For information about encrypting the password for the database user, see Encrypting your database password.
Use the db.service.owner
property to specify the name of the operating system user that owns the cluster that is being managed by Failover Manager. This property isn't required on a dedicated witness node.
# This property tells EFM which OS user owns the $PGDATA dir for # the 'db.database'. By default, the owner is either 'postgres' # for PostgreSQL or 'enterprisedb' for EDB Postgres Advanced # Server. However, if you have configured your db to run as a # different user, you will need to copy the /etc/sudoers.d/efm-XX # conf file to grant the necessary permissions to your db owner. # # This username must have write permission to the # 'db.data.dir' specified below. db.service.owner=
Specify the name of the database service in the db.service.name
property if you use the service
or systemctl
command when starting or stopping the service.

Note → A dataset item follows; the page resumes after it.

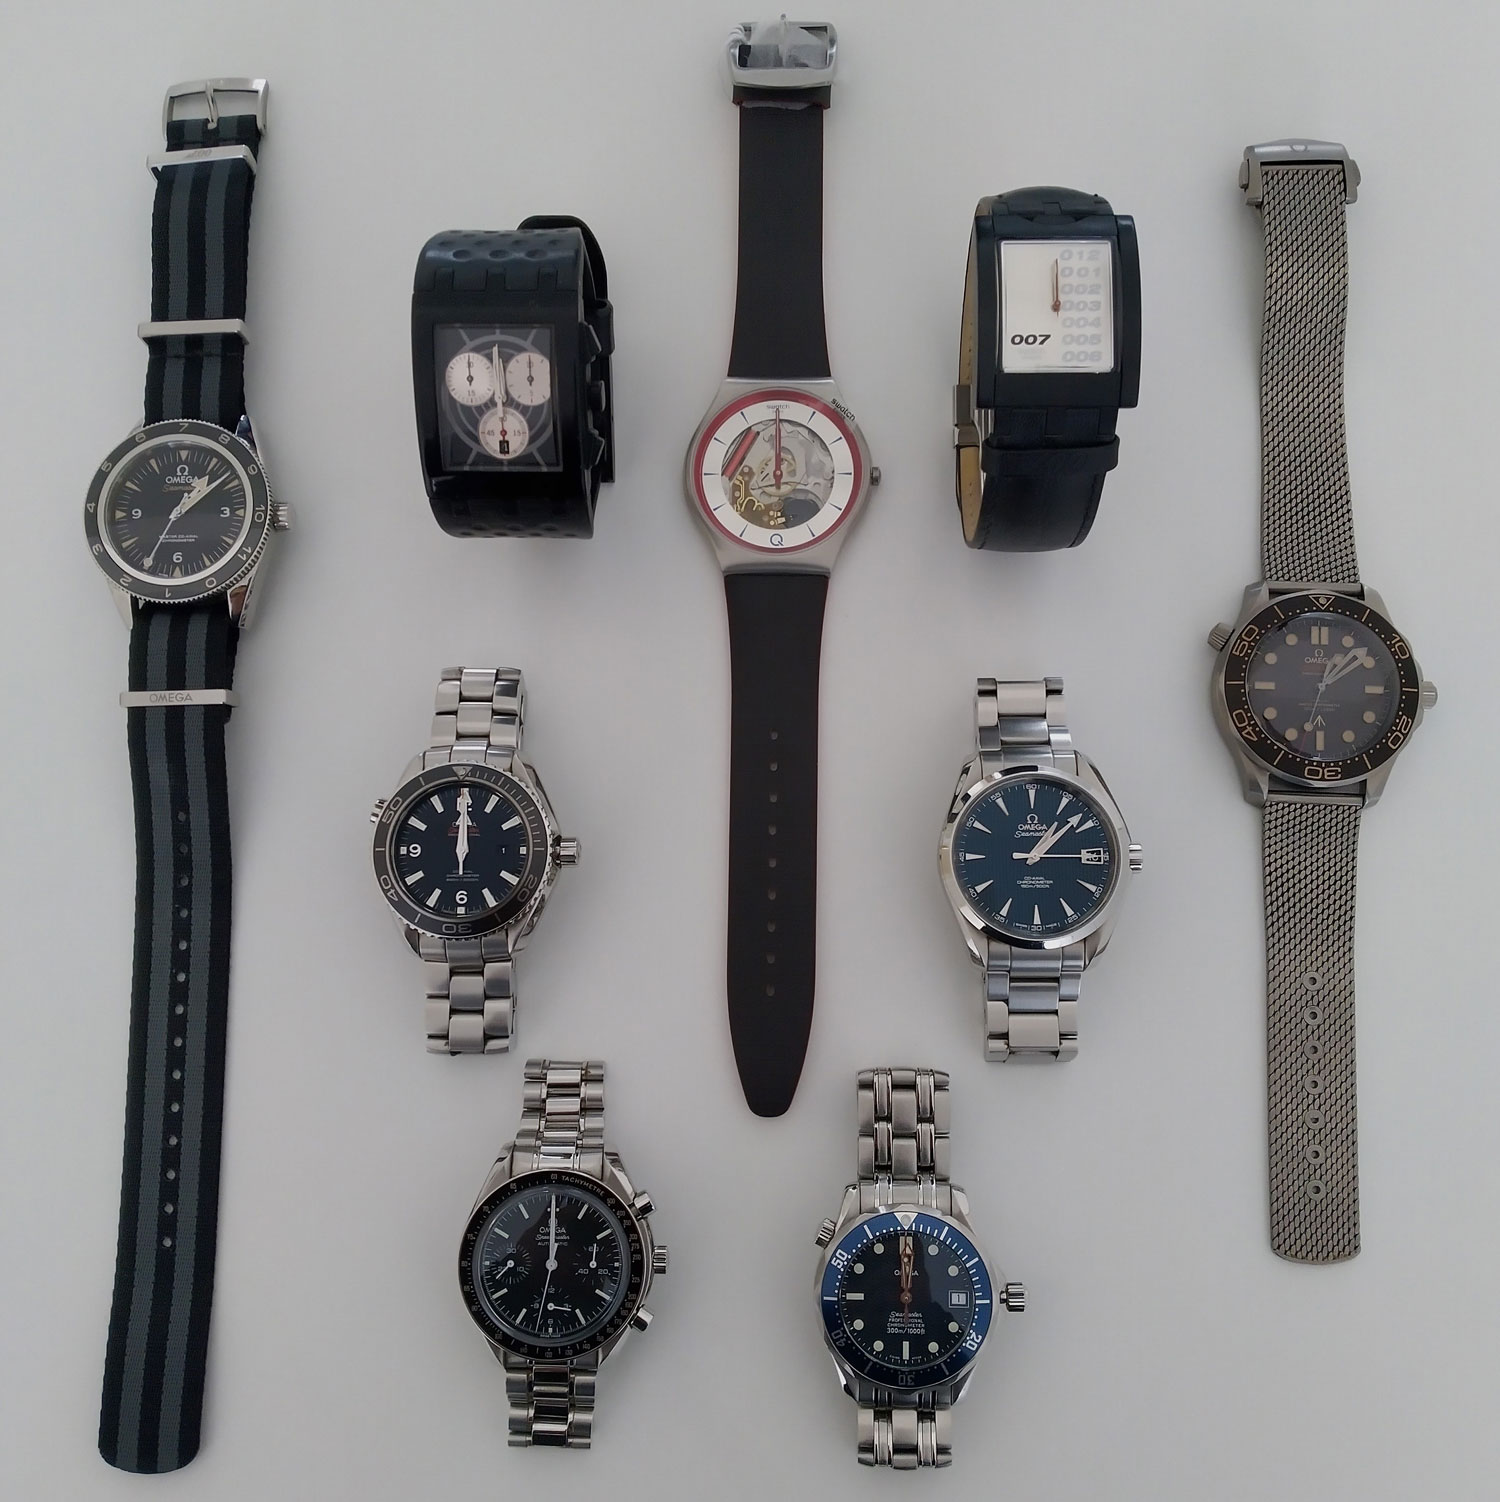 James Bond watch collection

# Specify the proper service name in order to use service commands # rather than pg_ctl to start/stop/restart a database. For example, if # this property is set, then 'service <name> restart' or 'systemctl # restart <name>' # (depending on OS version) will be used to restart the database rather # than pg_ctl. # This property is required if running the database as a service. db.service.name=
Use the same service control mechanism (pg_ctl
, service
, or systemctl
) each time you start or stop the database service. If you use the pg_ctl
program to control the service, specify the location of the pg_ctl
program in the db.bin
property.
# Specify the directory containing the pg_controldata/pg_ctl commands, # for example: # /usr/edb/as12/bin. Unless the db.service.name property is used, the # pg_ctl command is used to start/stop/restart databases as needed # after a failover or switchover. This property is required. db.bin=
Use the db.data.dir
property to specify the location where a standby.signal
or recovery.conf
file will be created. This property is required on primary and standby nodes. It isn't required on a dedicated witness node.
# This is the directory where a standby.signal file will exist for a standby node. # If a primary database fails, a recovery.conf file will be written in this # location to ensure that the failed database can not be restarted as the # primary database. # This corresponds to database environment variable PGDATA and should be same # as the output of query 'show data_directory;' on respective database. db.data.dir=
Use the db.config.dir
property to specify the location of database configuration files if they aren't stored in the same directory as the recovery.conf
or standby.signal
file. This is the value specified by the config_file
parameter directory of your EDB Postgres Advanced Server or PostgreSQL installation. This value is used as the location of the EDB Postgres Advanced Server data
directory when stopping, starting, or restarting the database.
# Specify the location of database configuration files if they are # not contained in the same location as the standby.signal # file. This is most likely the case for Debian installations. The location # specified will be used as the -D value (the location of the data directory # for the cluster) when calling pg_ctl to start or stop the database. # If this property is blank, the db.data.dir location specified by the # db.data.dir property will be used. # This corresponds to the output of query 'show config_file;' on respective database. db.config.dir=
For more information about database configuration files, visit the PostgreSQL website.
Use the jdbc.sslmode
property to instruct Failover Manager to use SSL connections. By default, SSL is disabled.
# Use the jdbc.sslmode property to enable ssl for EFM # connections. Setting this property to anything but 'disable' # will force the agents to use 'ssl=true' for all JDBC database # connections (to both local and remote databases). # Valid values are: # # disable - Do not use ssl for connections. # verify-ca - EFM will perform CA verification before allowing # the certificate. # require - Verification will not be performed on the server # certificate. jdbc.sslmode=disable
Note
If you set the value of jdbc.sslmode
to verify-ca
and you want to use Java trust store for certificate validation, you need to set the following value. This line can be added anywhere in the cluster properties file:
jdbc.properties=sslfactory=org.postgresql.ssl.DefaultJavaSSLFactory
For information about configuring and using SSL, see Secure TCP/IP Connections with SSL and Using SSL in the PostgreSQL documentation.
Use the user.email
property to specify an email address (or multiple email addresses) to receive notifications sent by Failover Manager.
# Email address(es) for notifications. The value of this property must # be the same across all agents. Multiple email addresses must # be separated by space. This is required if not using a 'script.notification' # script. Either/both can be used. user.email=
The from.email
property specifies the value to use as the sender's address for email notifications from Failover Manager. You can:
- Leave
from.email
blank to use the default value (efm@localhost
). - Specify a custom value for the email address.
- Specify a custom email address, using the
%h
placeholder to represent the name of the node host (for example, example@%h). The placeholder is replaced with the name of the host as returned by the Linux hostname utility.
For more information about notifications, see Notifications.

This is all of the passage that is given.